General Motors Co. (NYSE: GM) has just announced the creation of a “long-term and broad-scale global strategic alliance” with PSA Peugeot Citroën. The creation aims to leverage the combined strengths and capabilities of the two companies, as well as to contribute to the profitability of both partners and to improve their competitiveness in Europe.
The focus is on sharing of vehicle platforms, components and modules; and to create a global purchasing joint venture for commodities, components and other goods and services from suppliers.
The combined annual purchasing volumes are listed as approximately $125 billion. The total synergies expected from the alliance are projected to be about $2 billion U.S. dollars per year “within about five years.” GM and Peugeot Citroën will each continue to market and sell their own vehicles independently.
PSA Peugeot Citroën is expected to raise approximately 1 billion Euros through a capital increase.
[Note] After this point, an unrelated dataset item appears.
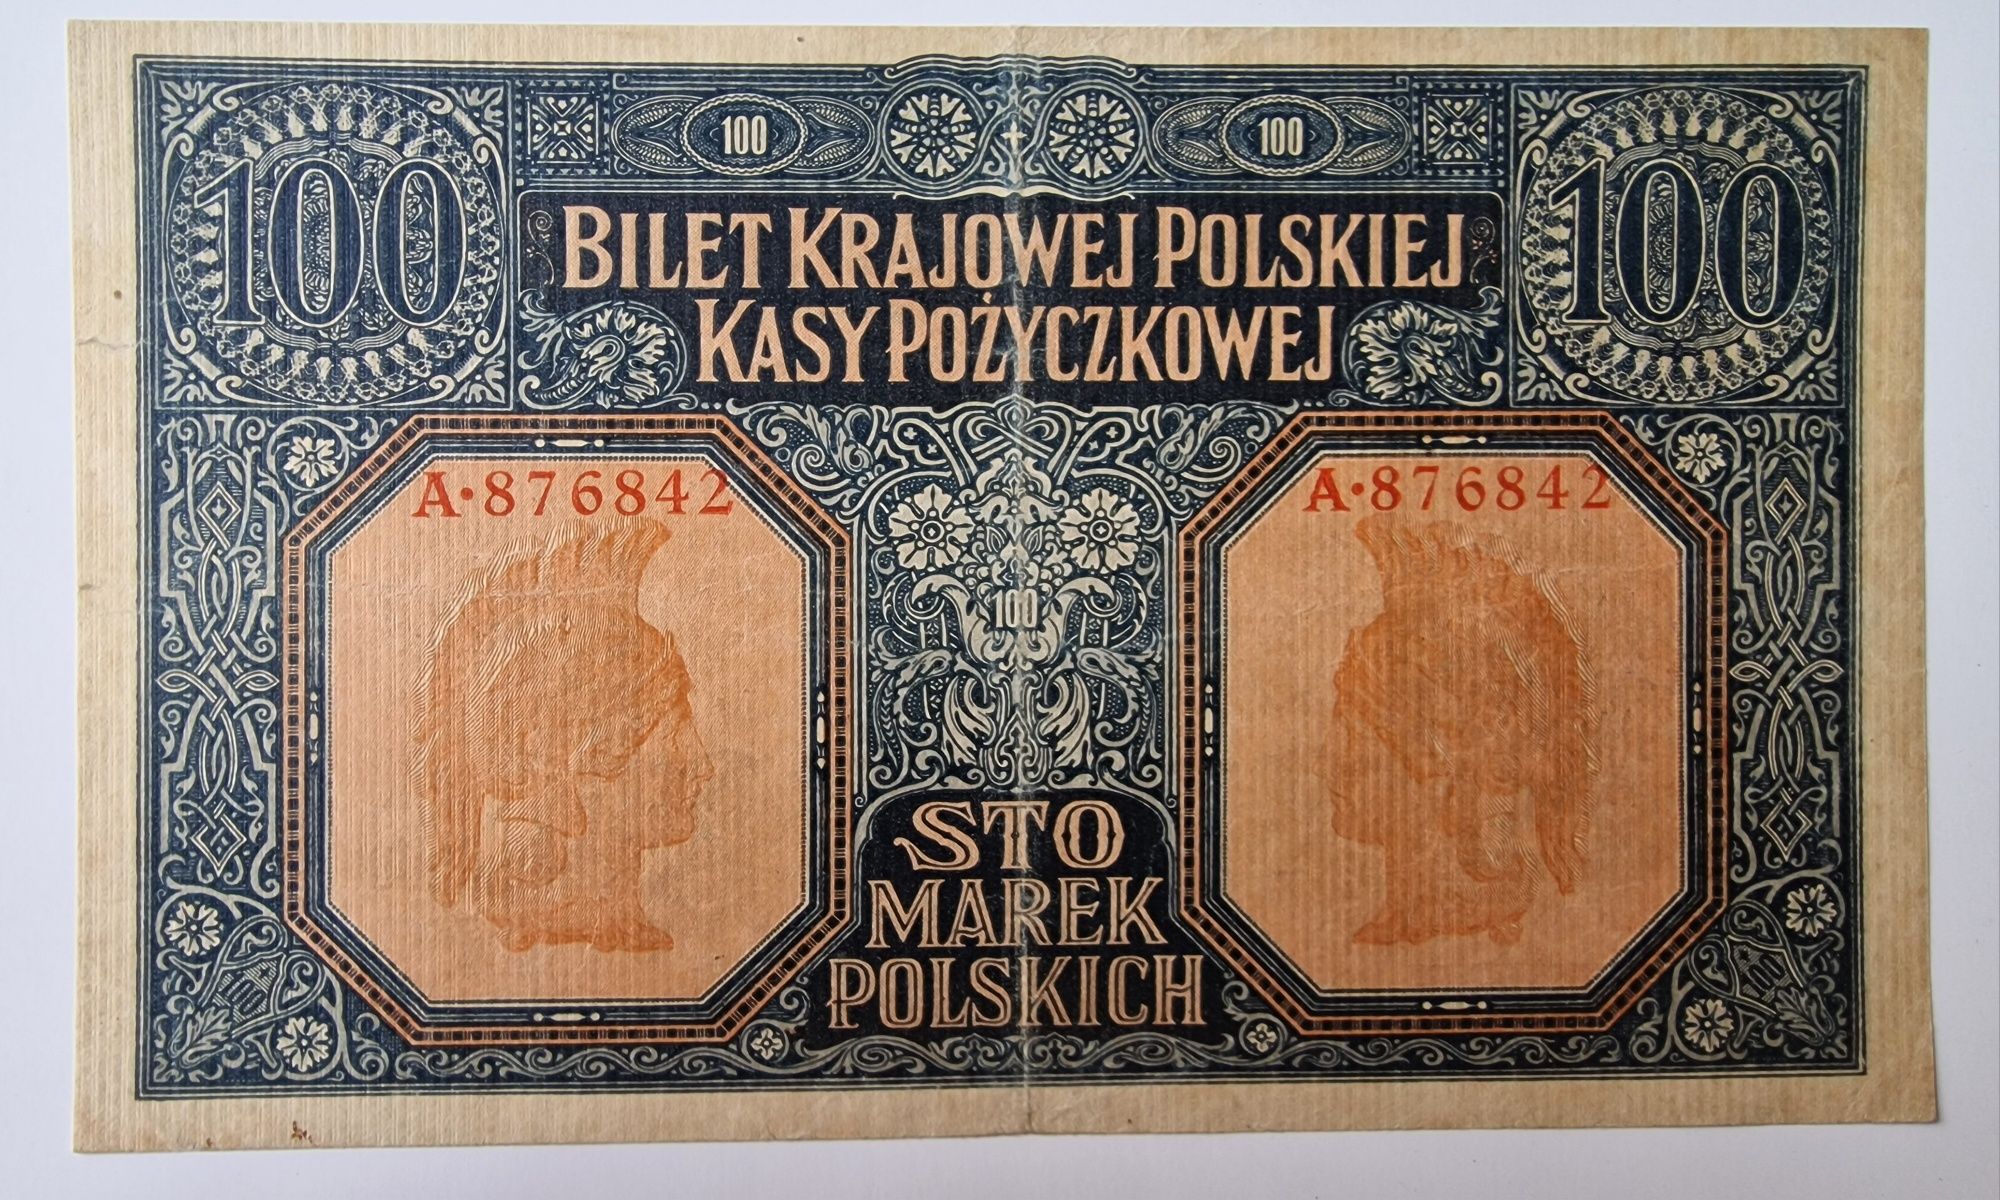 100 marek jenerał 1916 roku w pięknym stanie

This financing will be a preferential subscription right for PSA Peugeot Citroën shareholders through a bank syndicate and will also come from an additional investment from the Peugeot Family Group. Furthermore, GM plans to acquire a 7% percent equity stake in PSA Peugeot Citroën and that will make GM the second-largest shareholder behind the Peugeot Family Group.
Could you imagine if this was a bank that was still in debt to the taxpayer? The current government and the press would be screaming if it involved writing a check to a foreign entity rather than paying back the taxpayer. Whether or not that will be the case here remains to be seen.